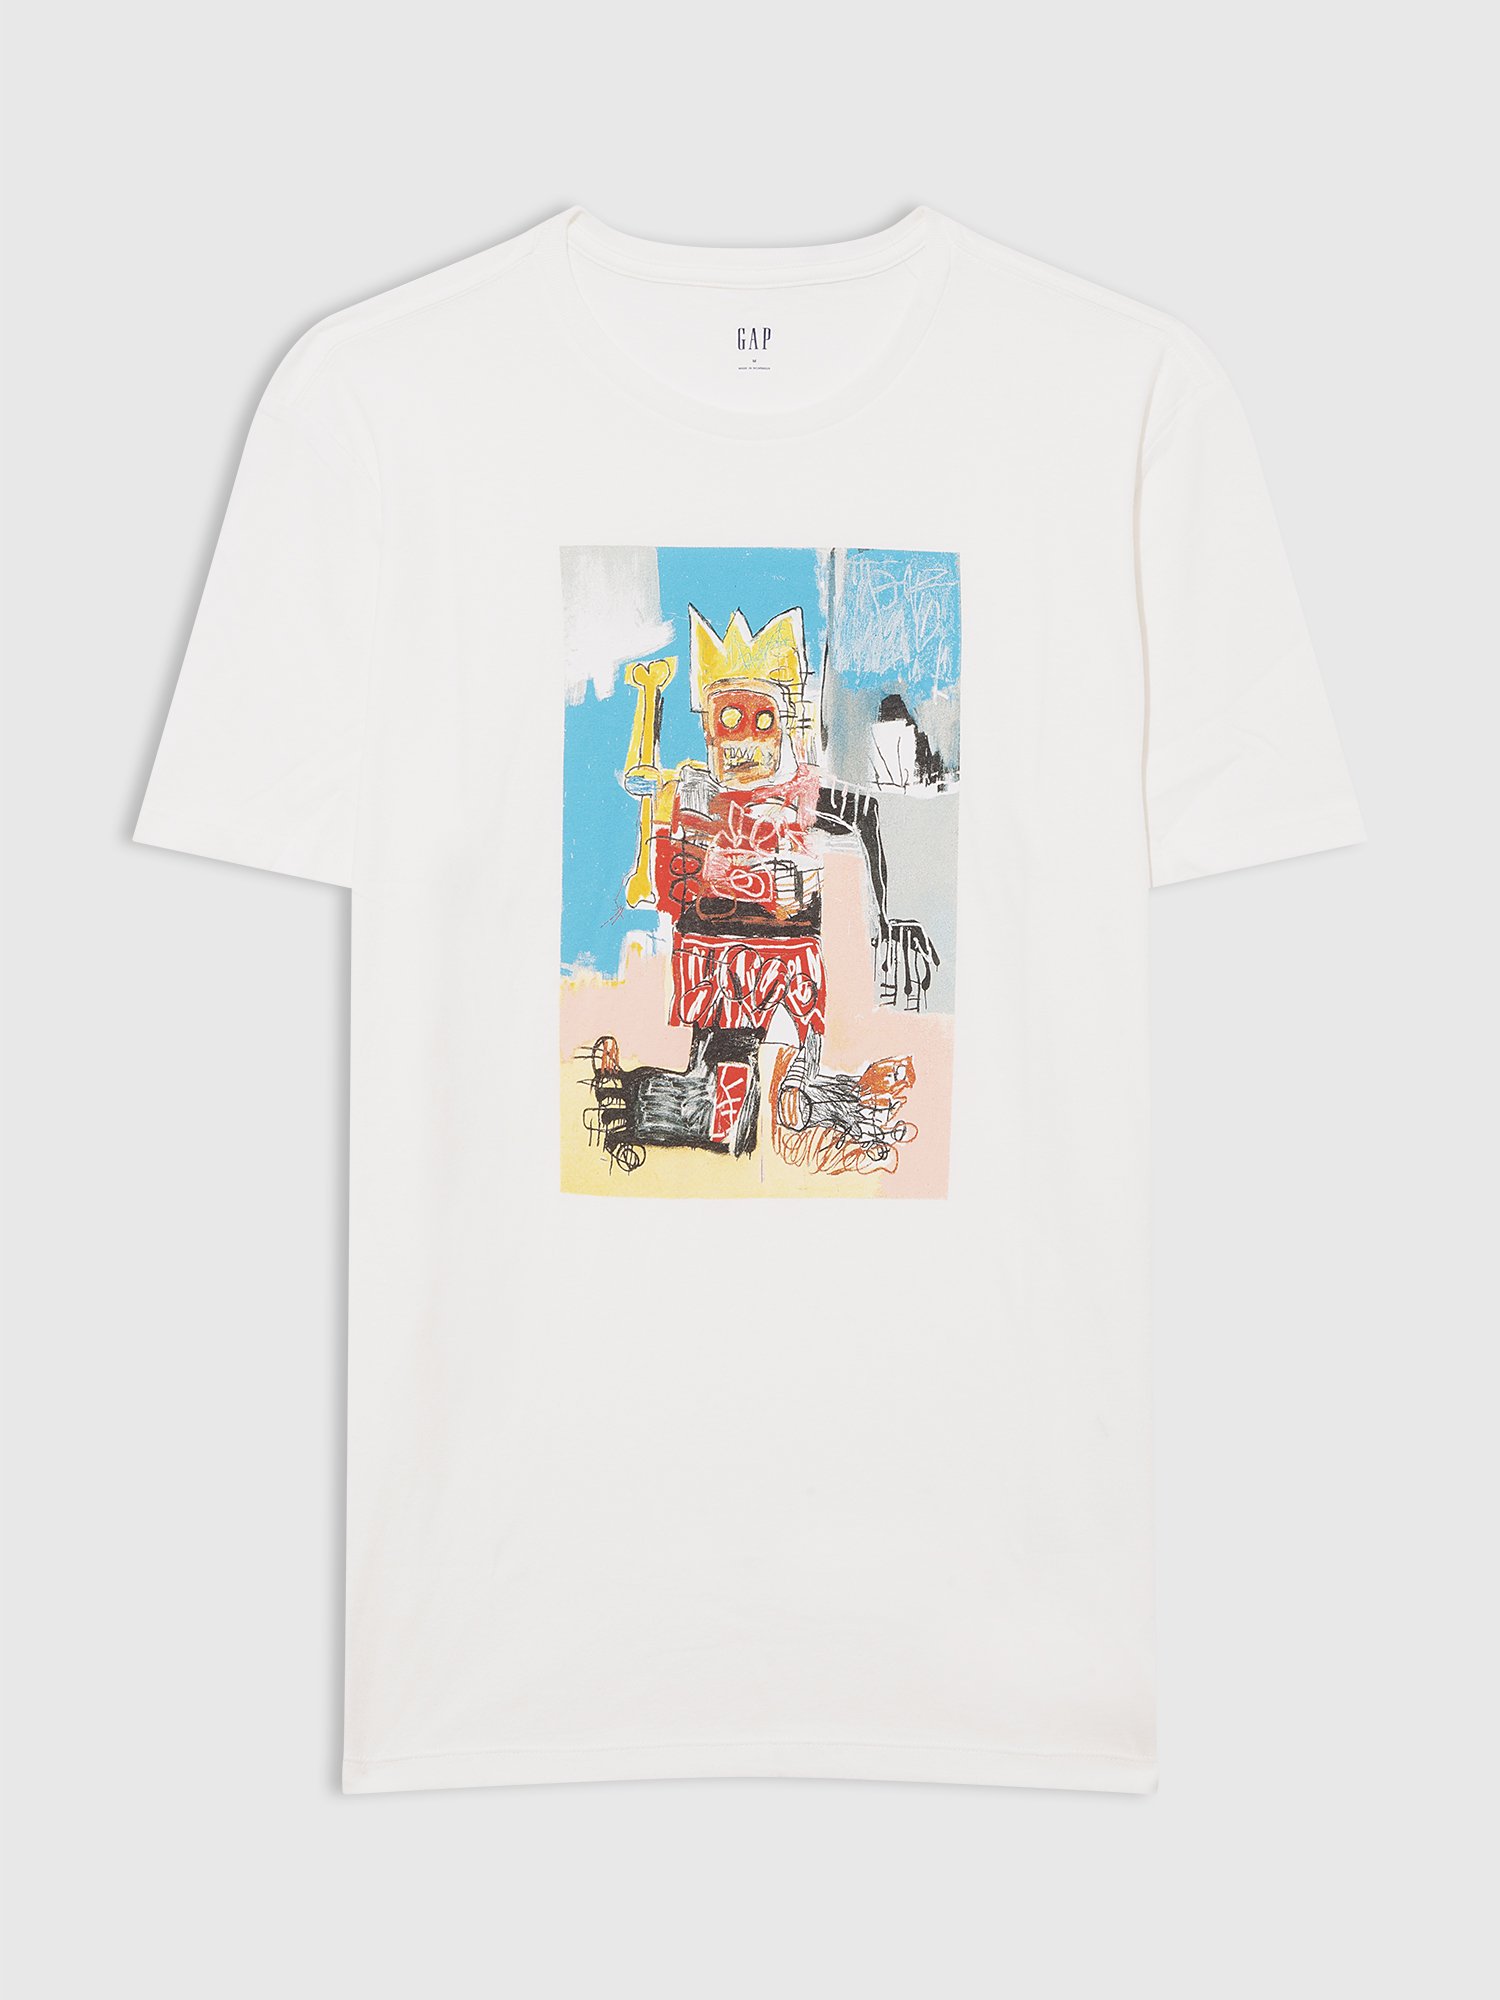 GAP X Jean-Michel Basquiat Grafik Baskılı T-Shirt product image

***

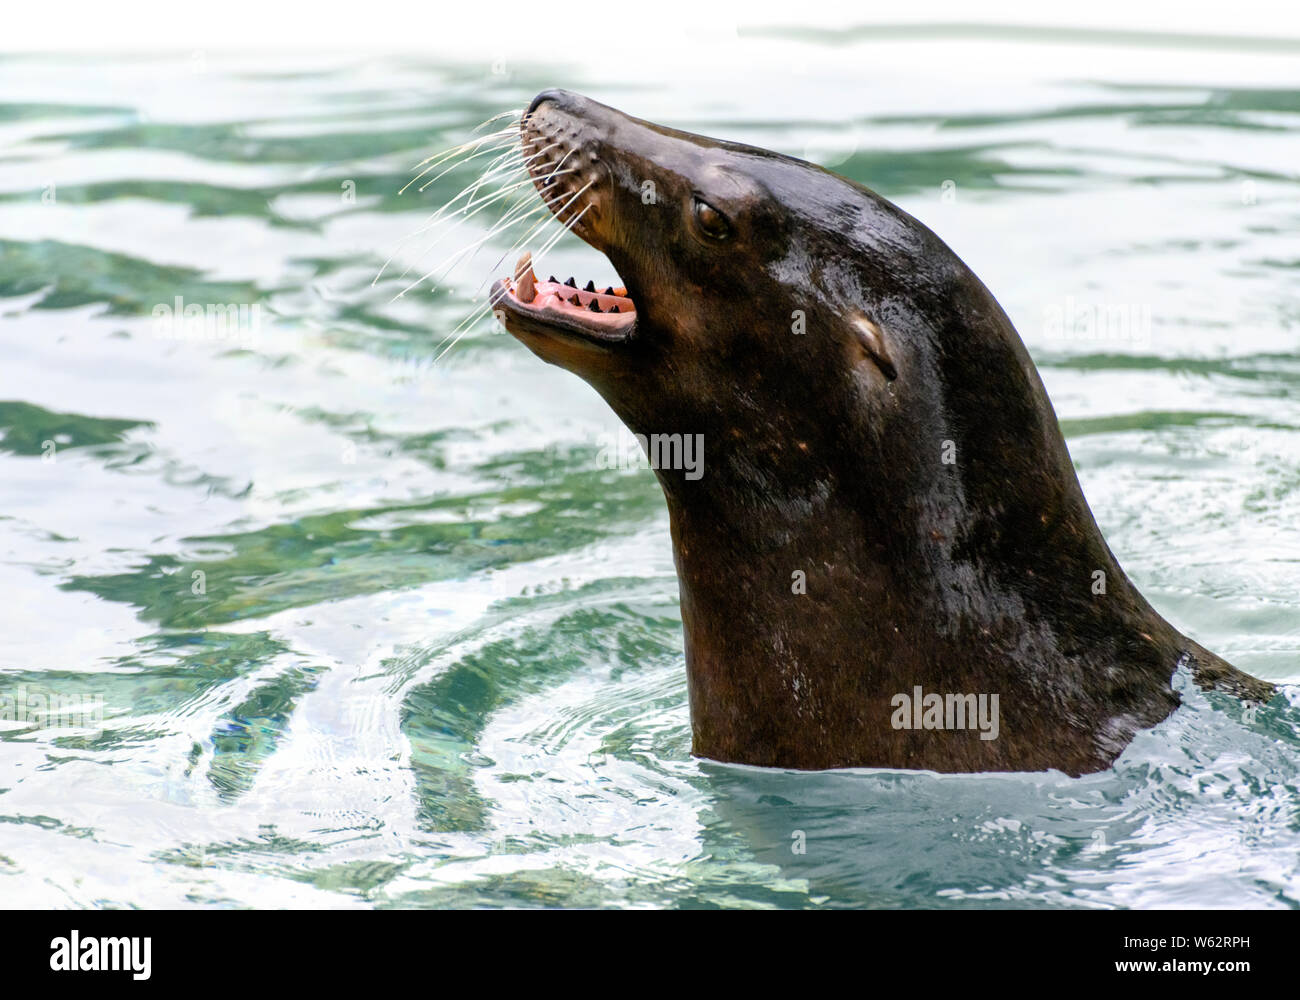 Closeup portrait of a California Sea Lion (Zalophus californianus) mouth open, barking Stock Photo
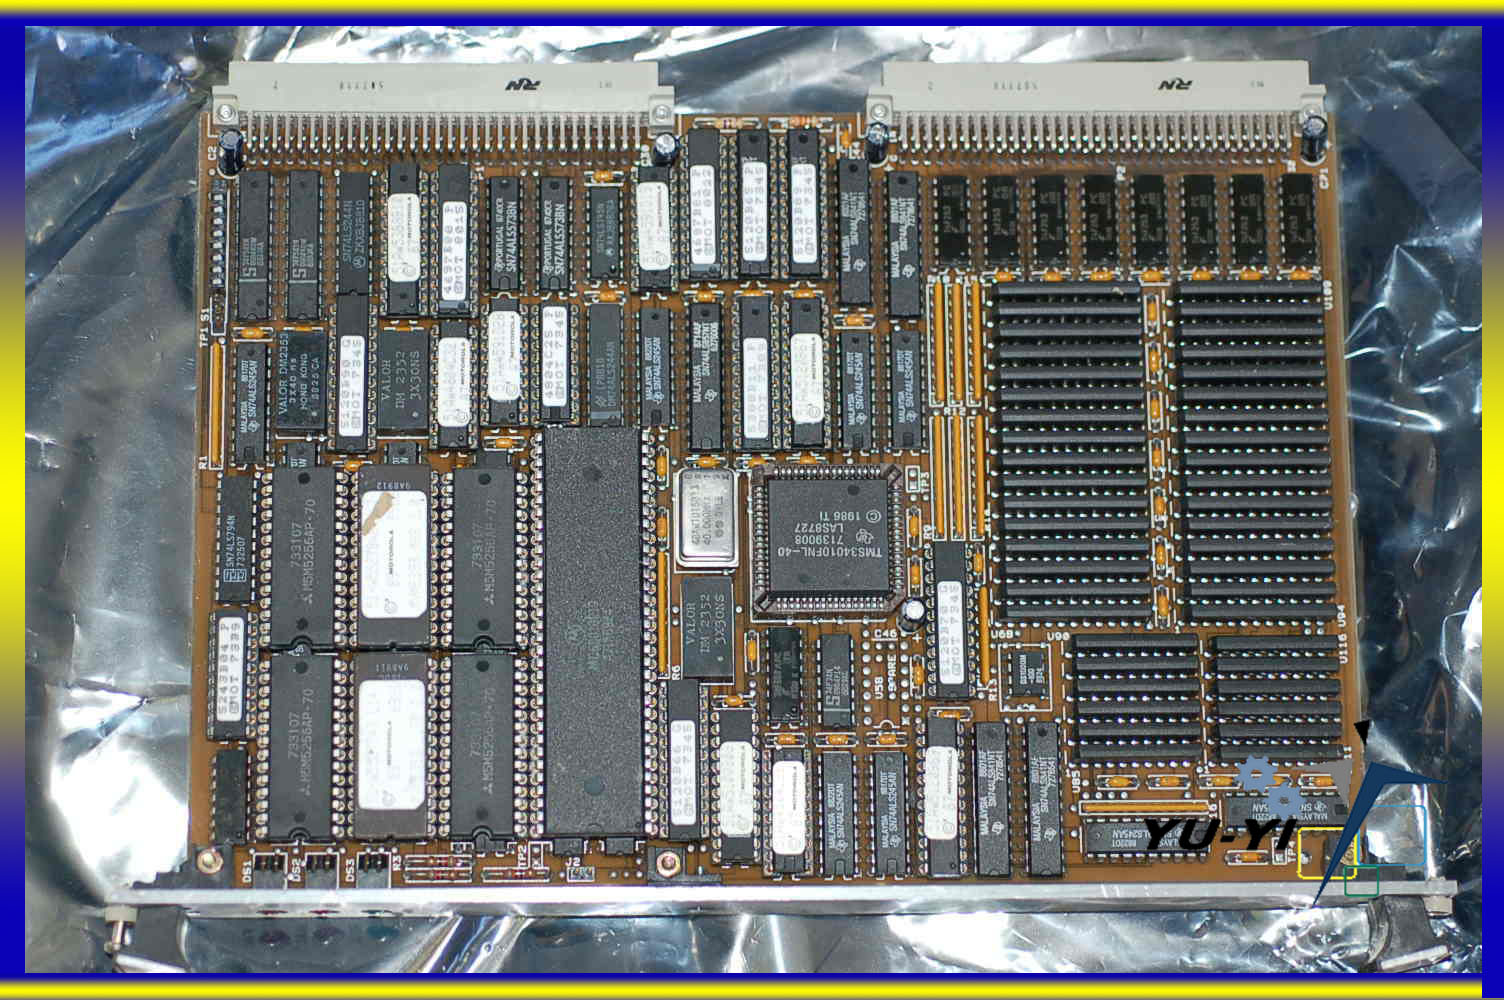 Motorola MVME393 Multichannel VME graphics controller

***

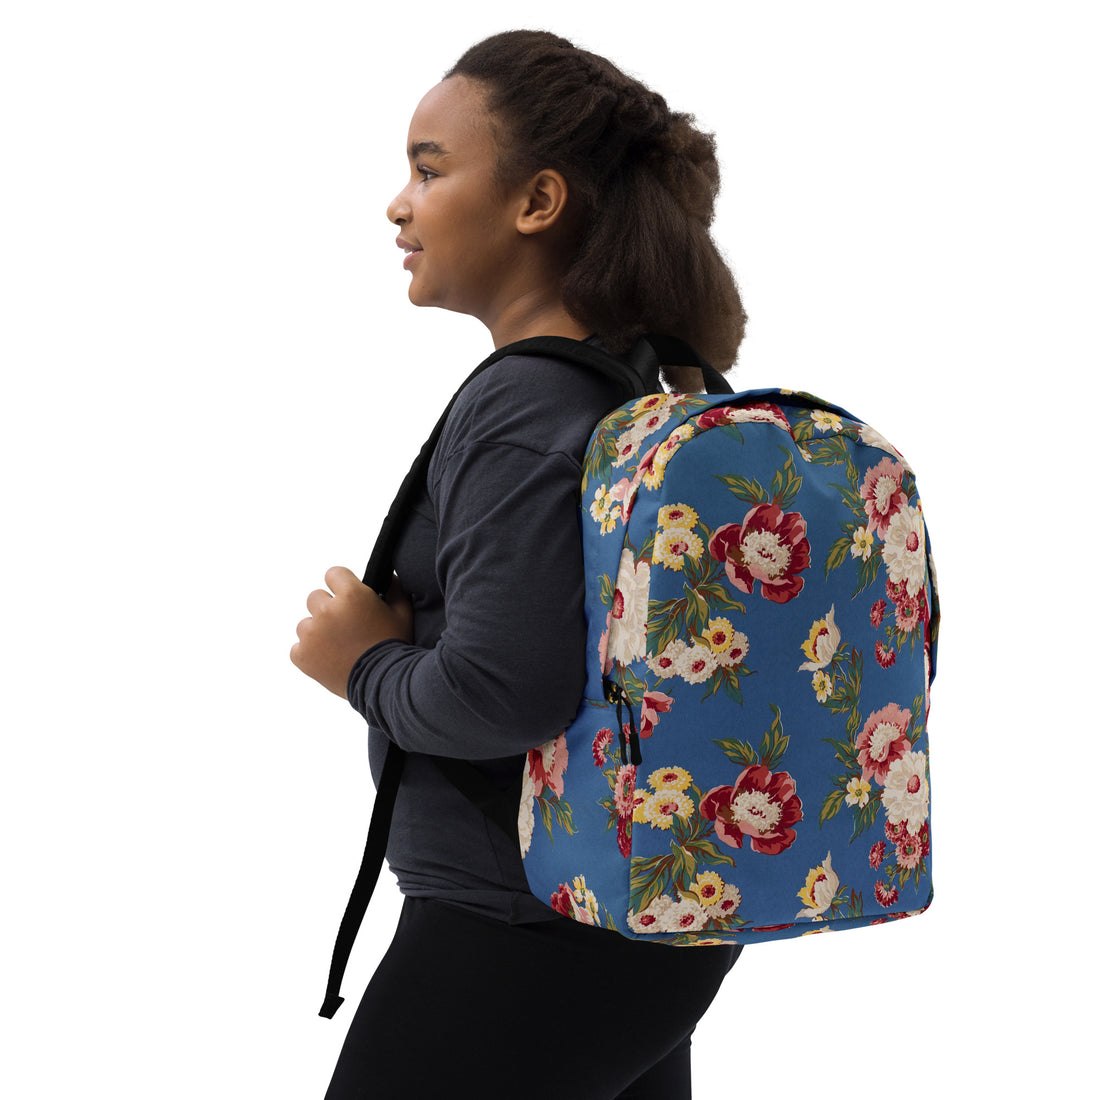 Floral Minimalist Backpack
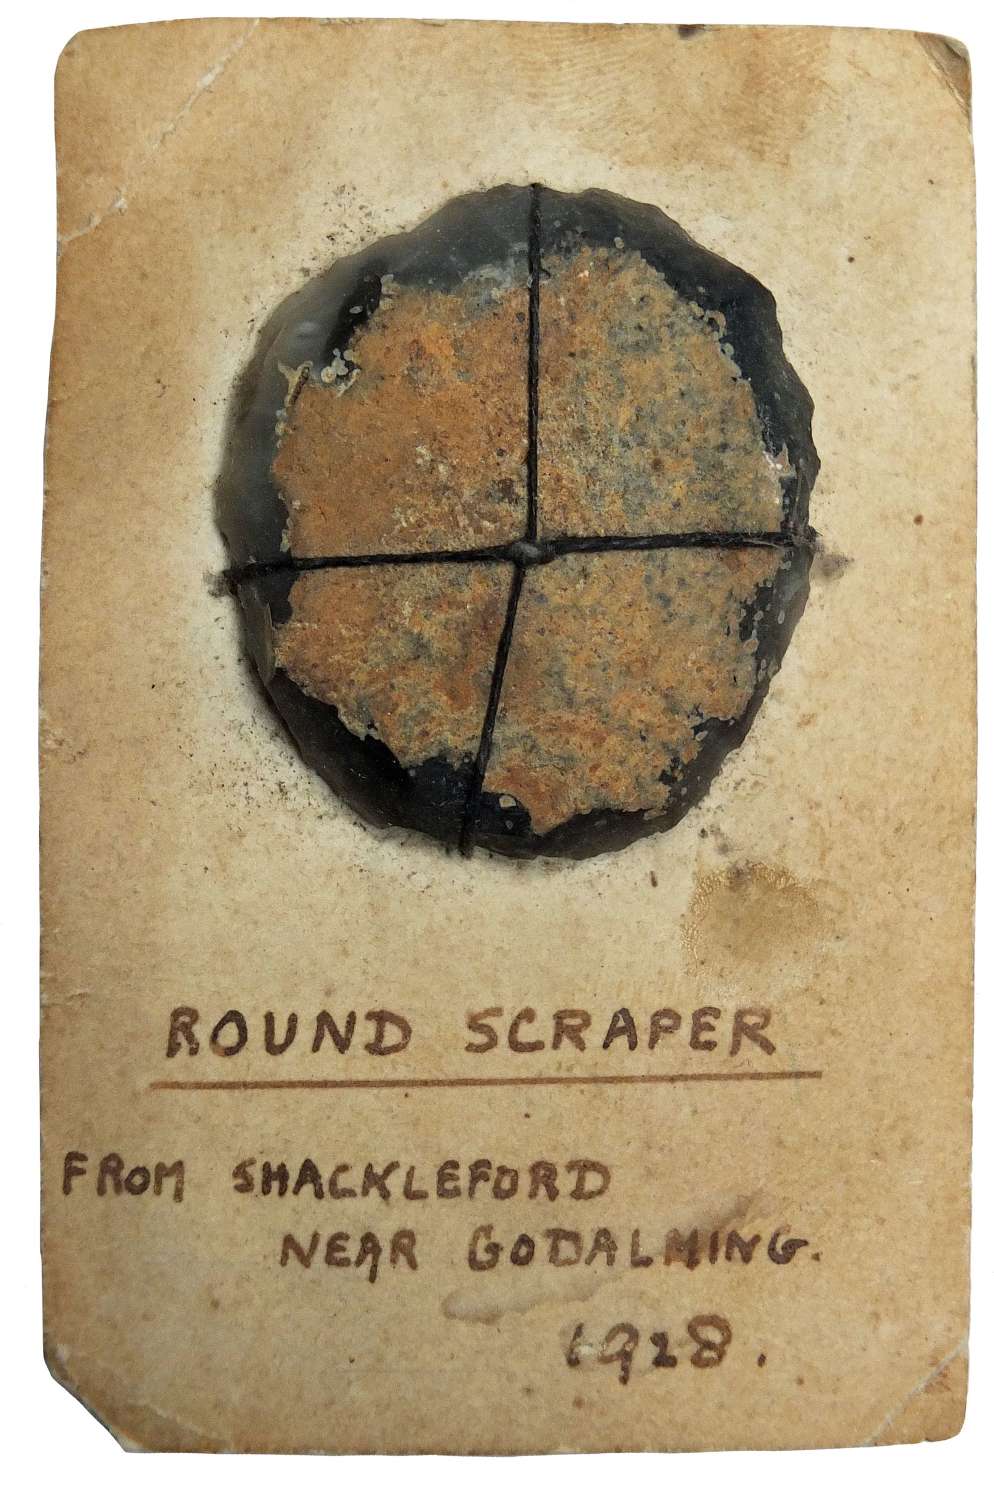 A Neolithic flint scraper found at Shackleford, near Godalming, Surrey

***

• _Assignment_:
Between and including the line with "Closeup portrait of" and the line with "Motorola MVME393 Multichannel", repeat every line exactly as it appears above, with pictures left out.

• _Completed task_:
 Closeup portrait of a California Sea Lion (Zalophus californianus) mouth open, barking Stock Photo
 Motorola MVME393 Multichannel VME graphics controller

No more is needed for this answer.